Schirwindt, стёртый с лица земли — страница 12 из 22

— Дорогой Шура, — говорит Горин, — при­ми наш скромный подарок. Пусть эта батарея согревает тебя теплом наших сердец...

— Шутка, — говорю, — на тройку. Несите туда, где взяли.

Они, матерясь, тащат проклятую батарею во двор и бросают на землю. И вдруг Захаров говорит:

— Чтобы шутка сработала, ее нужно дове­сти до абсурда.

Они вновь берутся за батарею и опять та­щат ее на третий этаж. Открываю дверь.

— Дорогой Шура, — говорит Андрей Ми­ронов, — прими наш скромный подарок!
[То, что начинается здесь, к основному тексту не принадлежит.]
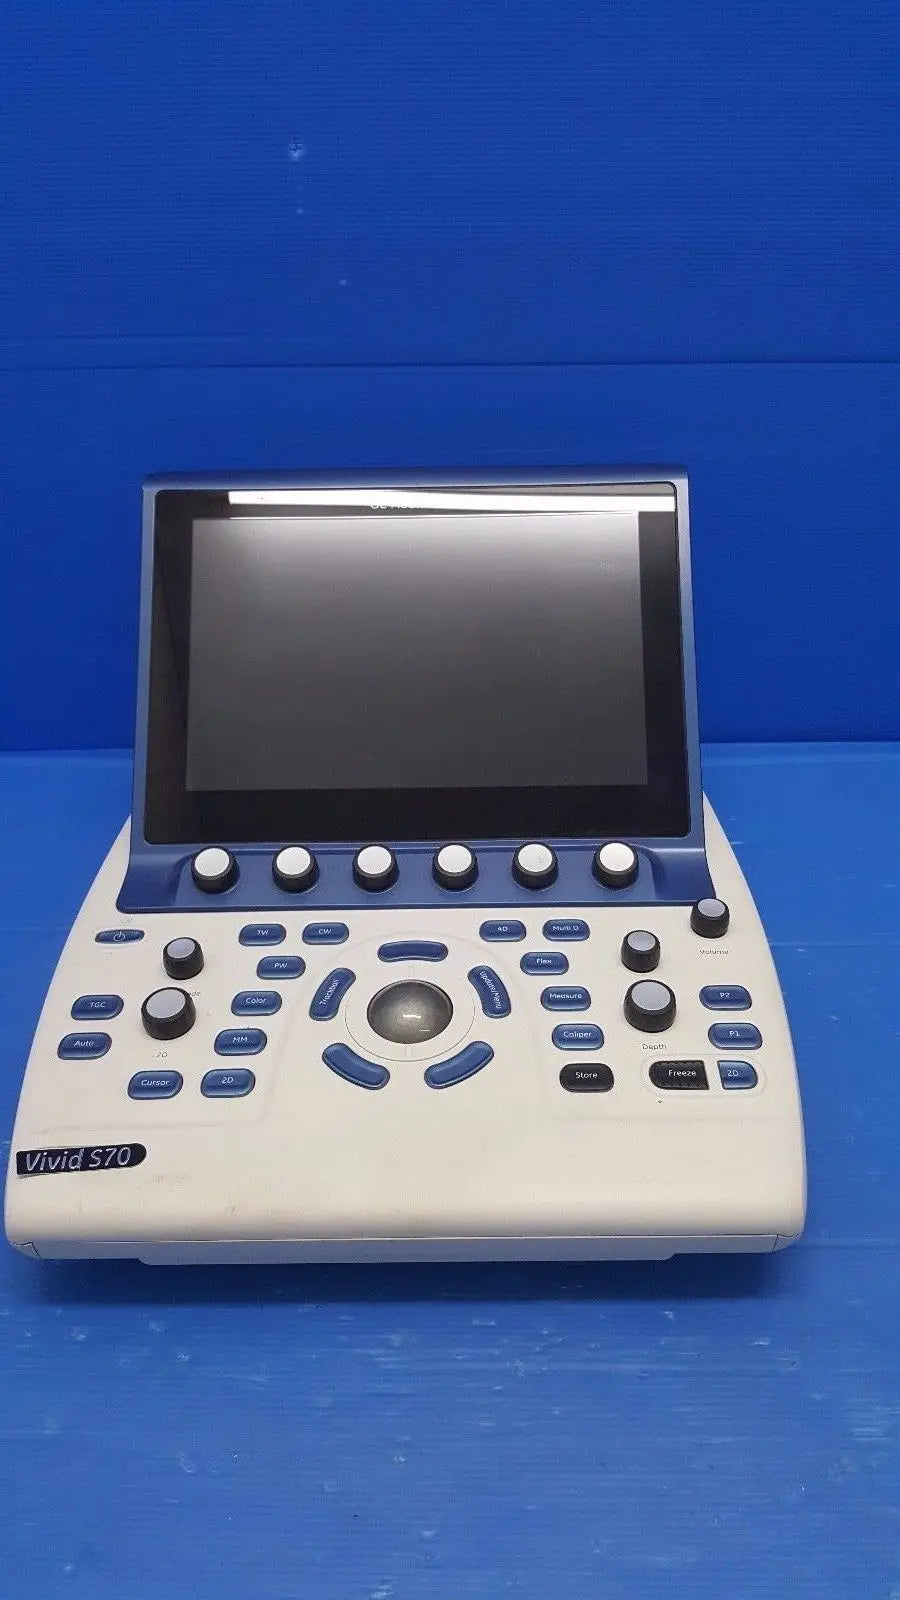 GE Healthcare Vivid S70 Ultrasound system P/N 5439674 DIAGNOSTIC ULTRASOUND MACHINES FOR SALE

— Вот это другое дело, — говорю. — Вно­сите!

Основные импульсы режиссерской фанта­зии Захарова — это всегда удивить и пугануть. Уезжал я как-то в город Харьков сниматься в очередной малохудожественной картине, провожаемый на вокзале Мироновым и Заха­ровым. Как только поезд отошел, режиссер­ская интуиция подсказала Захарову: «Надо Маску (моя партийная кличка) пугануть». Они помчались ночью к главному администратору театра, выклянчили денег, бросились во Внуково и утром встречали меня в Харькове. Пуганули.

Но чем резче его куда-либо куражно заносит, тем жестче он возвращается на проезжую часть своего бытия. В этом смысле дружба с них напоминает мне эпизоды из чаплинских «Огней большого города», где миллионер всю ночь проводит с Чаплином в дружеском пья­ном экстазе, а утром его не узнает.

Чем крупнее личность, тем опаснее ее слу­чайное осмысление. Поэтому личности вынуждены быть закрытыми от обывательских рас­шифровок. Таков Захаров. Видимость внешне­го благополучия обратно пропорциональна внутренней тревоге. Его резкая смелость чревата страшными послепоступковыми муками. У него цепкая, даже злопамятная эрудиция. Это тяжкий груз. Он аналитичен и мудр. Ана­лиз мешает непосредственности, мудрость тормозит импровизацию. Для этих целей он держит меня.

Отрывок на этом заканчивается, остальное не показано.